By TANEKA THOMPSON
Tribune News Editor
SENIOR members of the Progressive Liberal Party (PLP) spent much of last week swimming against the tide so to speak, acknowledging that the country is in a mess, that the party had made many lofty promises that it could not keep in order to win the 2012 general election and that many government MPs are poor performers who should be cut like dead weight.
Fervent supporters may balk at this kind of candour and question why anyone who is a PLP would publicly voice these shortcomings. But not to acknowledge these faults is to live in a state of denial that does nothing to help propel the Bahamas out of the doldrums.
As Minister of State for Investments Khaalis Rolle put it last week, this country is in “a mess by many measures”.
While some other members of the Christie administration may have their heads ducked in the sand and continue to pretend that all is well in our little country, it was refreshing to hear someone in government give an honest assessment of what is going on.
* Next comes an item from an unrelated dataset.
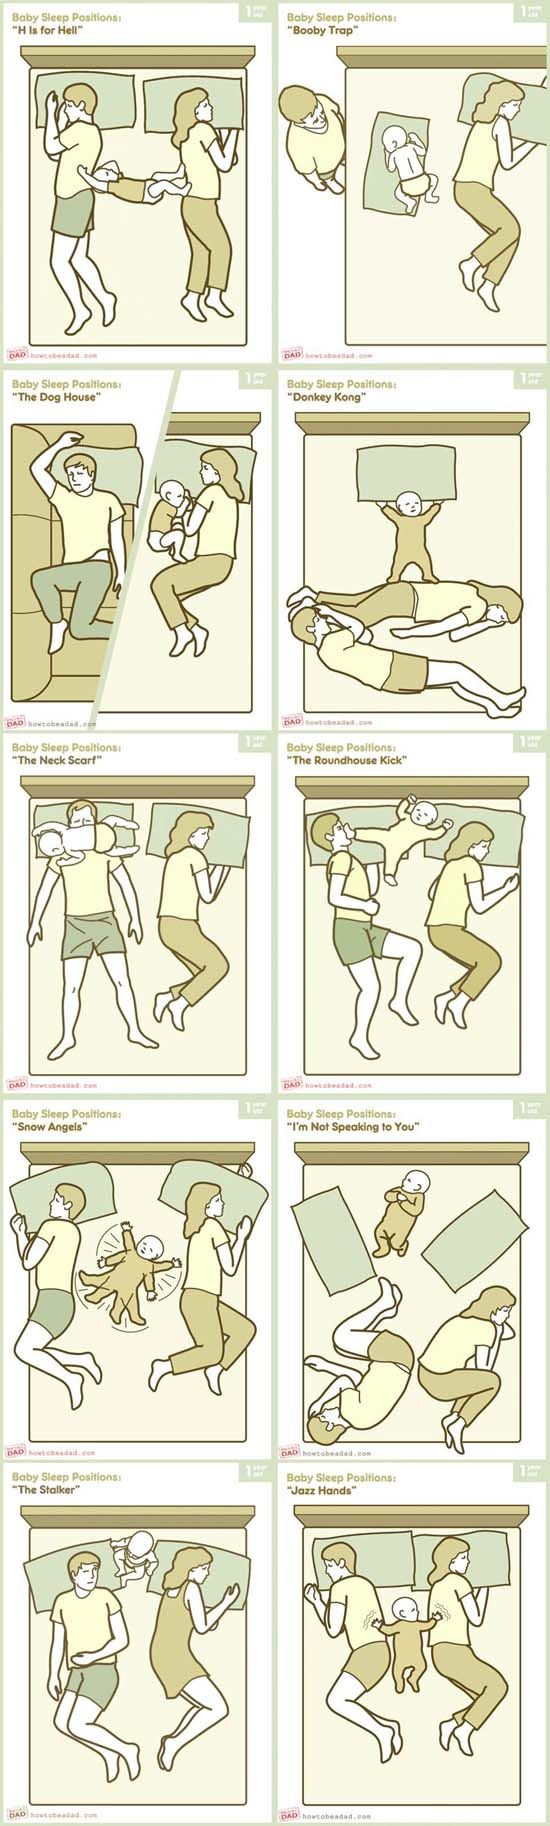 baby sleep positions.Sleep Positions Lol, Co Sleep Hells, Dogs House, Funny, Dog Houses, Baby Sleep, La Comodidad, Como Duerme, Comodidad De

Homicides are on the increase and violent crime continues unabated despite the best efforts of police and tough talk from politicians. Our young men are being slaughtered on the streets of New Providence on an almost daily basis while armed robberies and gunpoint car-jackings are being reported frequently. Three years into the five-year term of this Christie administration, we have a murder count that is on track to smash the 2011 record of 127 murders.
When the Department of Statistics carries out its next labour force study in November, unemployment figures will have likely increased since the previous survey.
Baha Mar, which was billed as the saviour to the Bahamas’ economy and the panacea to unemployment, has stalled with no endgame in sight.
The government has failed to meet many of its election promises and yet Prime Minister Perry Christie is angling for a third term in office because he feels he has not yet cemented his legacy.
Most thinking Bahamians would agree that new policies and a new direction are needed for this country. Yet we have leaders who have not delivered on their grandiose promises and who refuse to give up the seat of power.
We need radical thinking and action to reverse the trend of deterioration and depression that has gripped New Providence and find a way to pump life into our sleepy Family Islands.
At a PLP Women’s Branch meeting last Sunday, Mr Christie whipped his supporters into a frenzy when he declared no one would put a “proverbial gun” to his head and tell him when it is time to leave office.
“Perry Gladstone Christie will be the leader of the Progressive Liberal Party,” the nation’s leader chanted to screams from the energetic crowd. “I do not yet want to believe that I am in a campaign. I do not want to believe that given the trials and tribulations that grip this country, that a Progressive Liberal Party, which after some years of a promise of a convention, that instead we are going to subject ourselves to a major divisive race.”
Mr Christie later told reporters that his Cabinet ministers, in particular Deputy Prime Minister Philip “Brave” Davis, should not run against him at the party’s November convention. Mr Christie knows that the country is in a precarious situation but believes that he is the best person to steer the Bahamas out of this quagmire.
He has been leader of this country for the past three years and does not seem to realise, as former PLP MP Philip Galanis put it last week, that things have got worse under his tenure.
The prime minister is a gifted speaker and charismatic politician who knows how to charm crowds and sway voters. He has been in the game for more than 40 years and knows how to play it better than many others sitting in Parliament.
Can he be faulted for doing what he seemingly knows how to do best?
Maybe not, but the Bahamian people must not continue to support blindly a leader who cannot make good on his promises and appears to flounder while in office if we care about moving this country forward.
Some 20,000 new voters are expected to register to vote in the next election. They will mostly be young, first-time voters who are having a hard time finding work after graduating from high school or college and are frustrated with crime and lack of opportunity in this country. Added to this crop of new voters will be the disenfranchised members of the electorate who remember the elaborate song and dance of the 2012 cycle and can contrast that with the realities of today.
The prime minister’s sweet talk and chest thumping that he is the leader of the PLP will likely not satiate these voters, who hopefully will demand more of politicians this time around.
Recently, a veteran PLP MP told me that many sitting MPs will have to ask themselves if they can retain their seats with Mr Christie at the helm of the party.
I wonder how they can legitimately go to voters and stump for a candidate who could not deliver a workable mortgage relief plan, who did not have the answers to crime although his party campaigned heavily that it did, who has seemingly abandoned his administration’s pledge to hold a gender equality referendum ... and the list goes on.
Mr Christie will more than likely emerge from the PLP’s convention as leader, even if he is challenged, because the party feels he is the only shot at staying in government.
Whether that rabid support translates into votes from the majority of the electorate in 2017 remains to be seen, but the current general sense of malaise and unhappiness that many people have with the state of this country tells me it will not.